Kanzi, the bonobo chimp, is one of many examples illustrating ability for animal language. Kanzi’s mother was in a language learning study, and was taught to communicate via symbols on a computer (lexigrams). Researchers were not trying to teach Kanzi as he was a baby at the time, but he was present with his mother during the study. Later, researchers decided to test Kanzi as well, who ended up performing better than his mother. With much training, Kanzi was able to perform as well as Alia, an untrained two-year old girl (Figure 1 below). However, he was never able to develop the language skills of a five or six-year-old.

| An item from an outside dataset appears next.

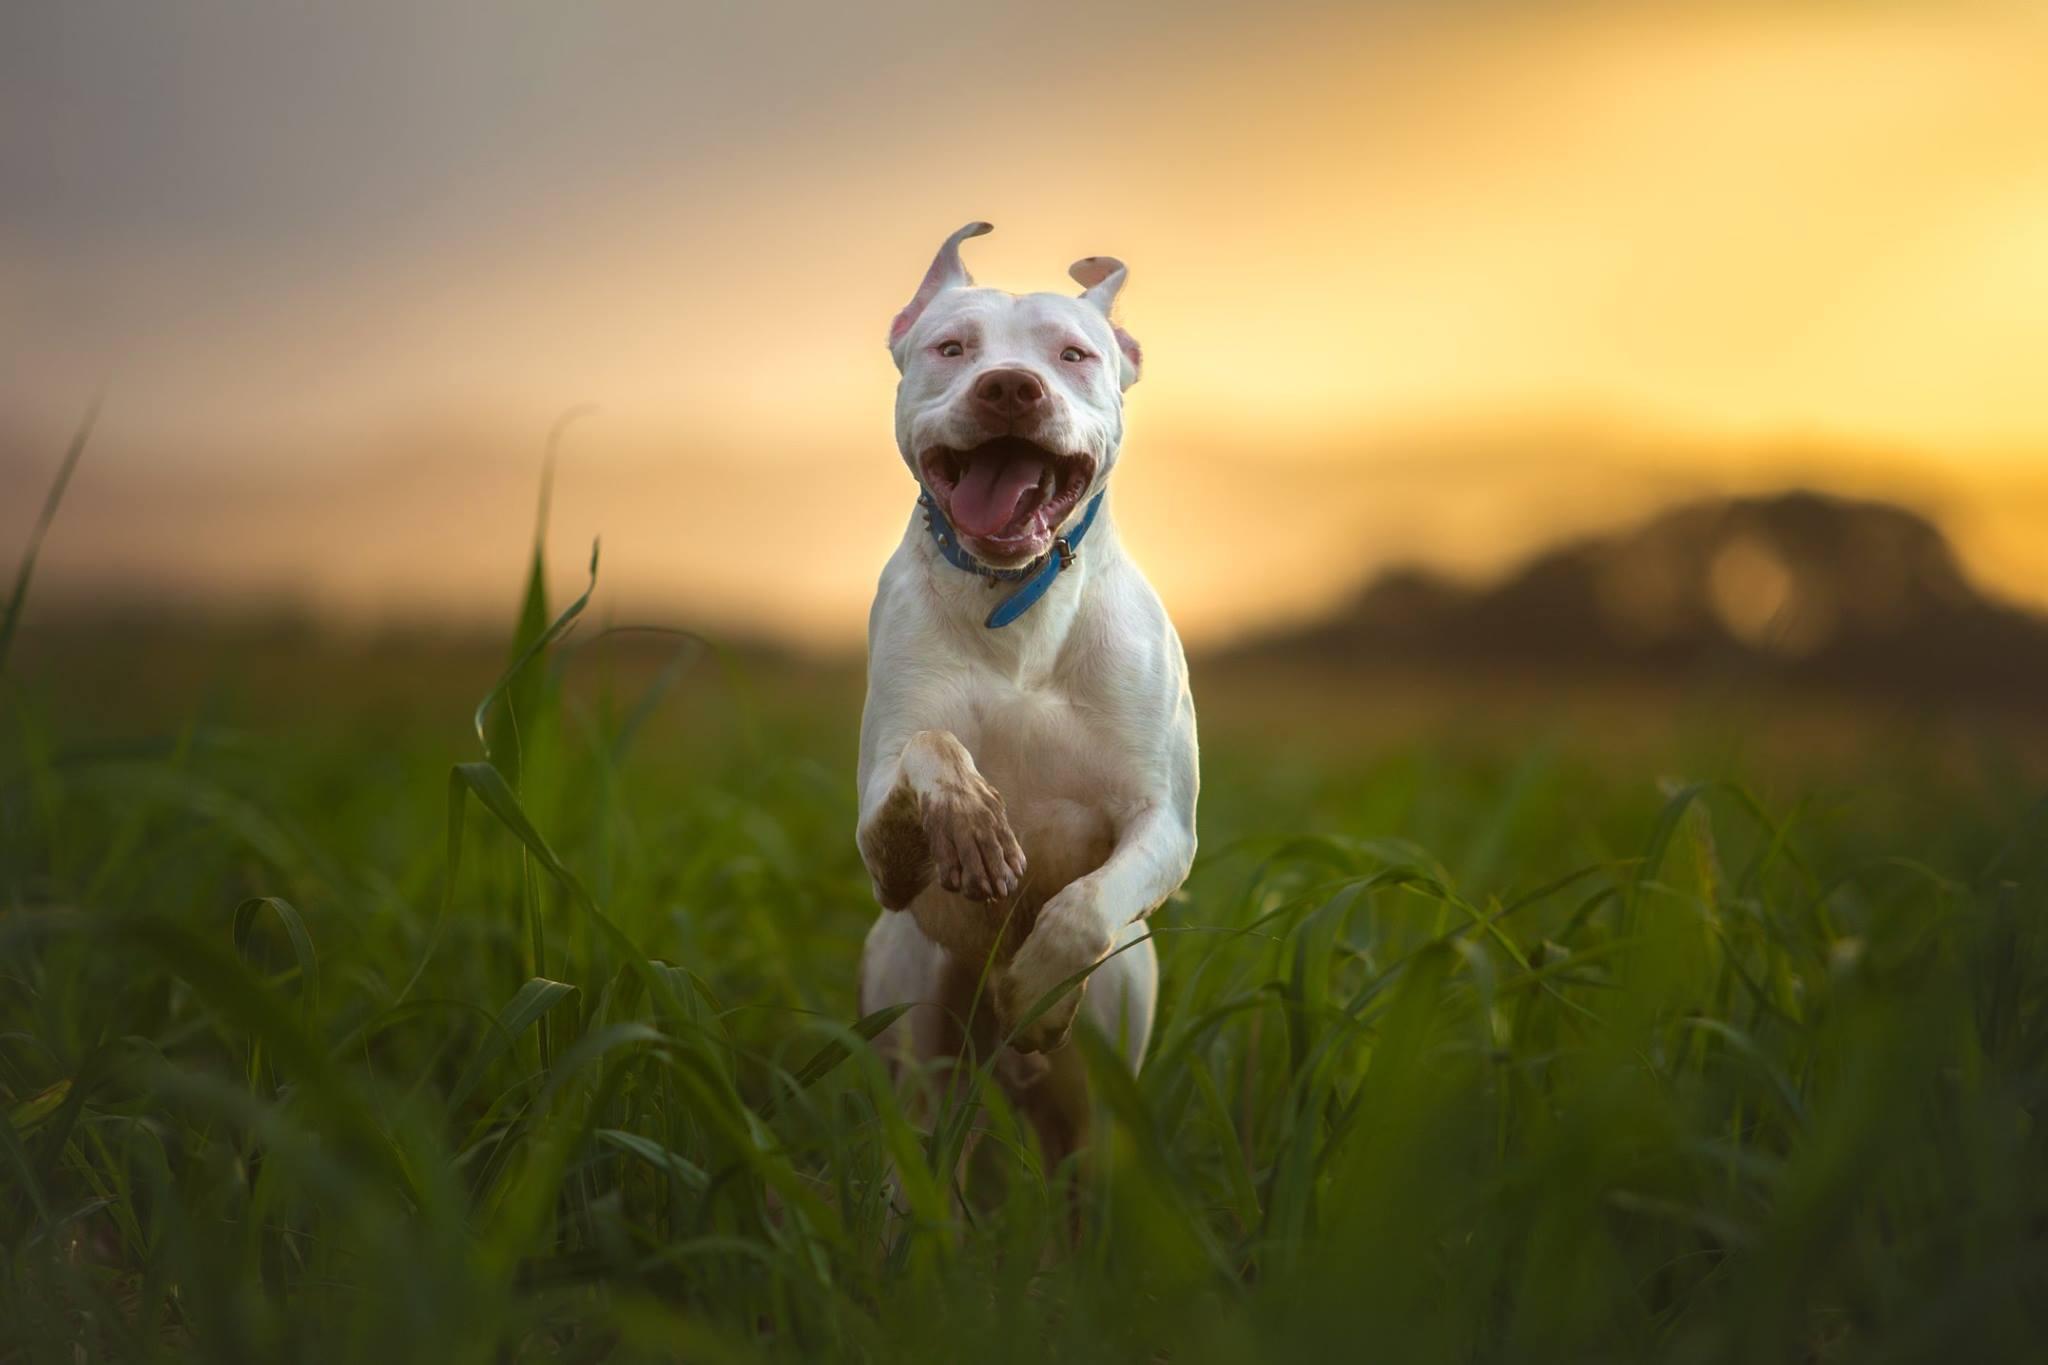 Uploads/BackgroundImage/White-Dog-Leaping.jpg

Figure 1. Task comparison between Kanzi and Alia.
Children are able to grasp vast amounts of psycholinguistic knowledge. For example, babbling occurs in the four to ten month old range. A great amount of phonological development takes place in their first year. One-year-old infants can discriminate all phonemes of all languages. However, these discriminations are gradually lost if they are not important to the native language. During their first year, infants reach the one-word stage. By age two, they are at the two-word stage. Past two years, language rapidly develops into complete sentences. By age five, kids know up to 15,000 words.

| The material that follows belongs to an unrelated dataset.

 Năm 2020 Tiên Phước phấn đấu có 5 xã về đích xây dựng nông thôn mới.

However, this rapid learning occurs only during the critical period. Those that learn a language past the age of ten to twelve never gain native ability. Learners of non-verbal language, such as sign language, also show critical period effects. Drastic problems of language can result in those that were raised in social isolation, to where they never learn language with native ability. Even more extreme linguistic impairment can result due to brain damage. Since there are not very many animal models for language, much was learned from studies of patients with brain damage and from neuroimaging studies.